On 06/20/2015 08:54 AM, Feng Tian wrote:
>
> While better sample/stats is important for choosing a good plan, in
> this query, hash agg is really the right plan. If a sort agg is
> chosen, the performance will be really really bad. The patch that
> Jeff is working on is critical for a decent TPCH number (unless you
> have unlimited amount of memory).

I do agree that Jeff's memory-bounded hashagg patch is very important 
feature, and in fact we spent a fair amount of time discussing it in 
Ottawa. So I'm looking forward to getting that soon ;-)
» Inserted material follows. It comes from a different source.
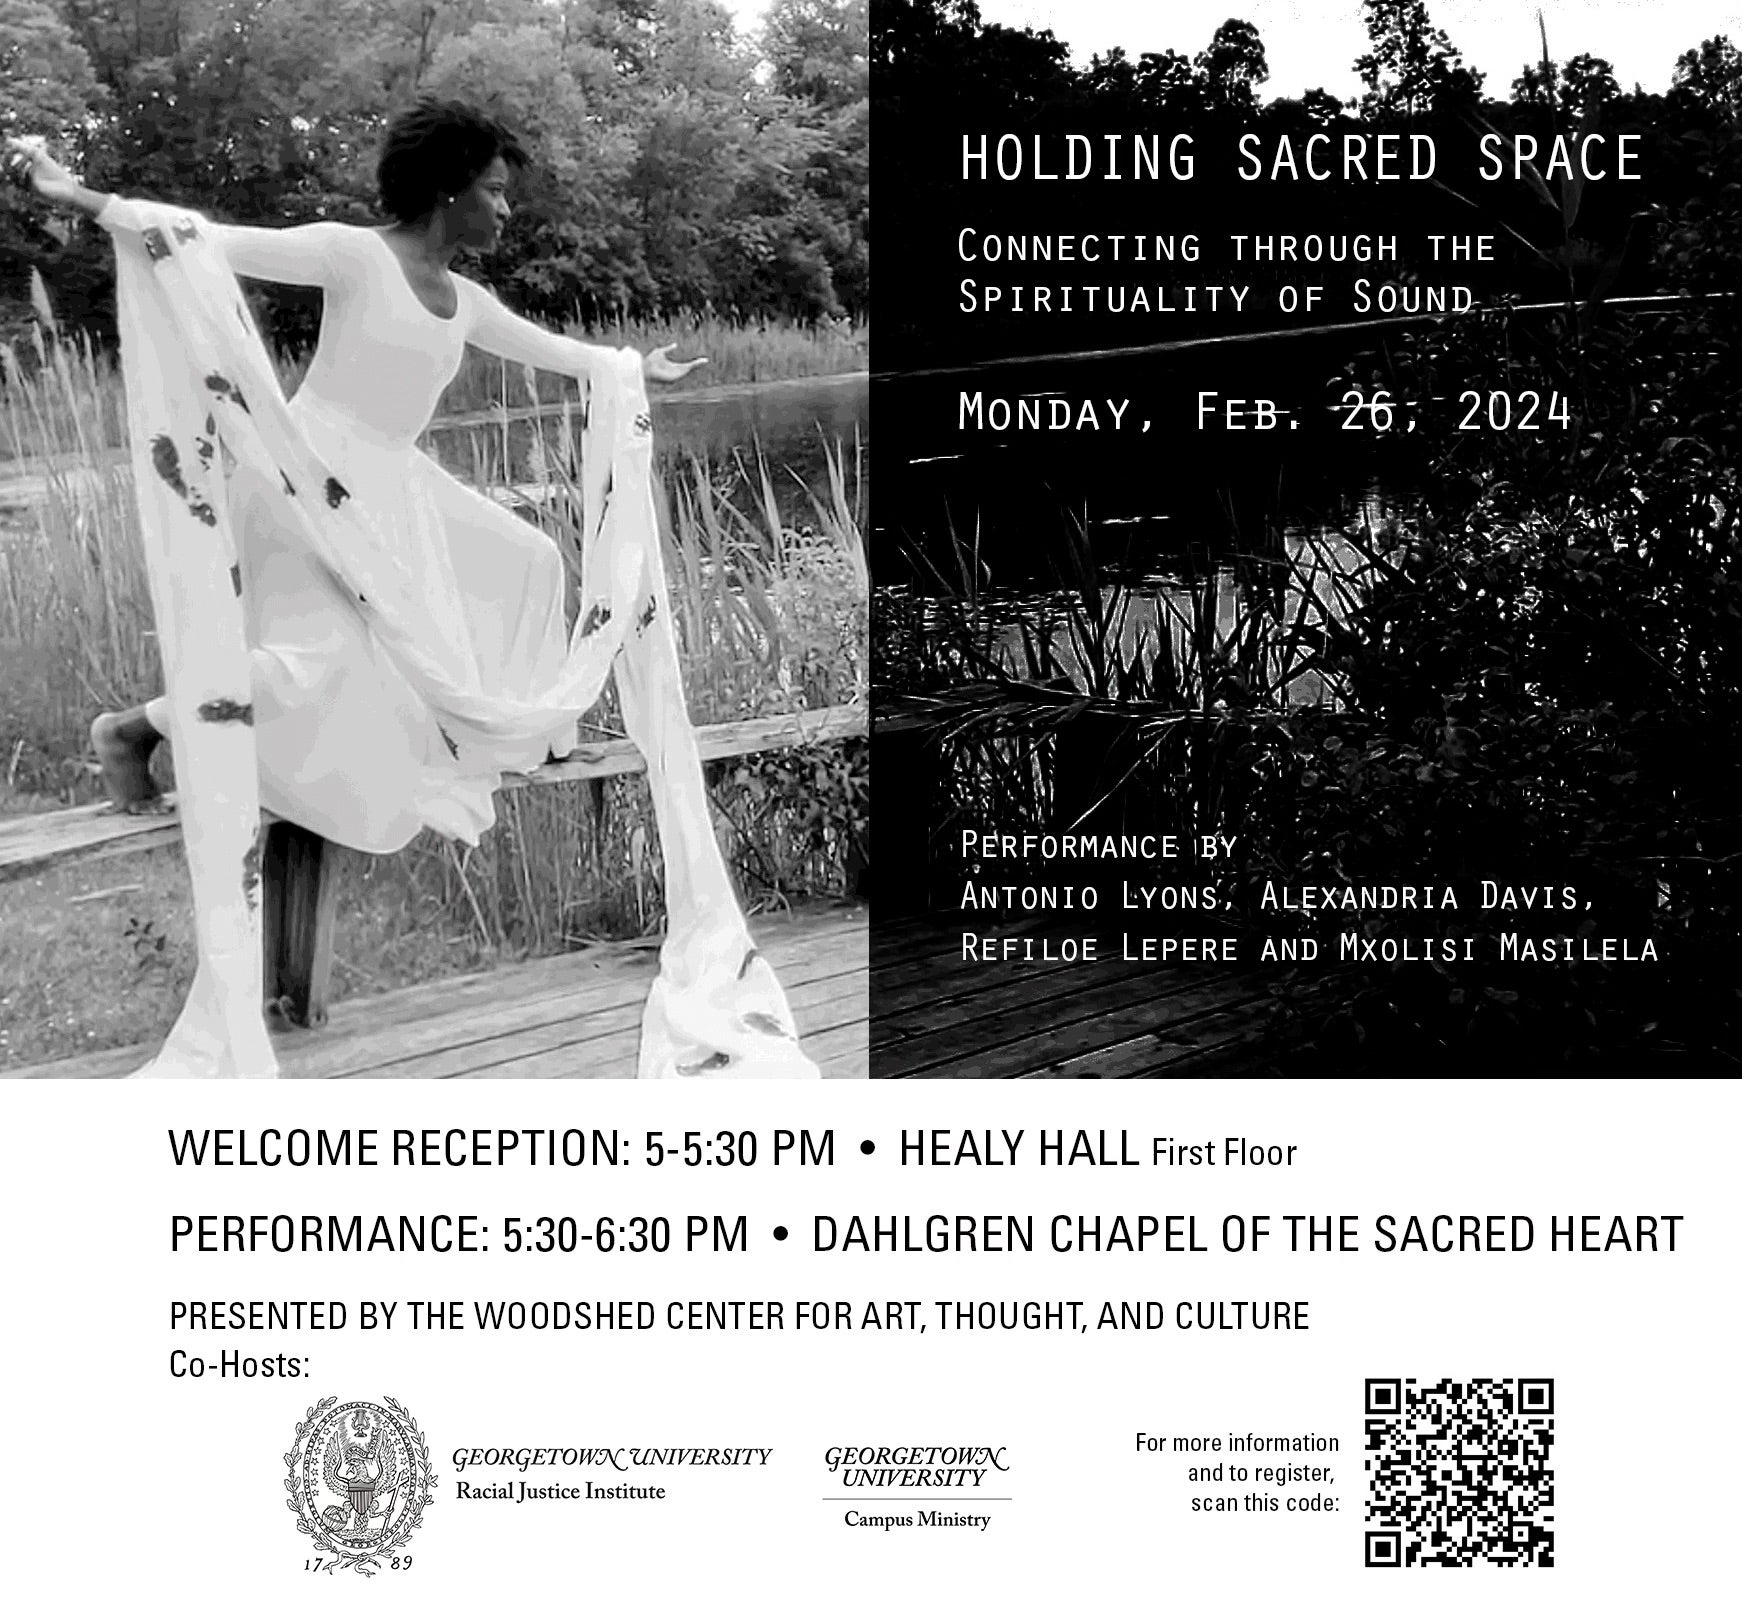 Graphic with woman dressed in white, in front of tall grass, with text: "Holding Sacred Space: Connecting through the Spirituality of Sound; Performance by Antonio Lyons, Alexandria Davis, Refiloe Lepere and Mxolise Masilela."

But I don't think hashagg is going to be very good in this particular 
case. With a 3TB dataset, the query runs out of memory on a machine with 
256GB of RAM. So let's assume a complete hash table has ~256GB. With 
work_mem=1GB that means only ~1/256 of the table can be processed in one 
batch, so we'll process the first 1/256 of the table, and write out the 
remaining 99% into batches. Then we'll read the batches one by one, and 
process those. The table has ~2.5TB, so we'll read 2.5TB, write out 
~2.49TB into batches, and then read those ~2.49TB again. At least that's 
how I understand Jeff's memory-bounded hashagg proposal.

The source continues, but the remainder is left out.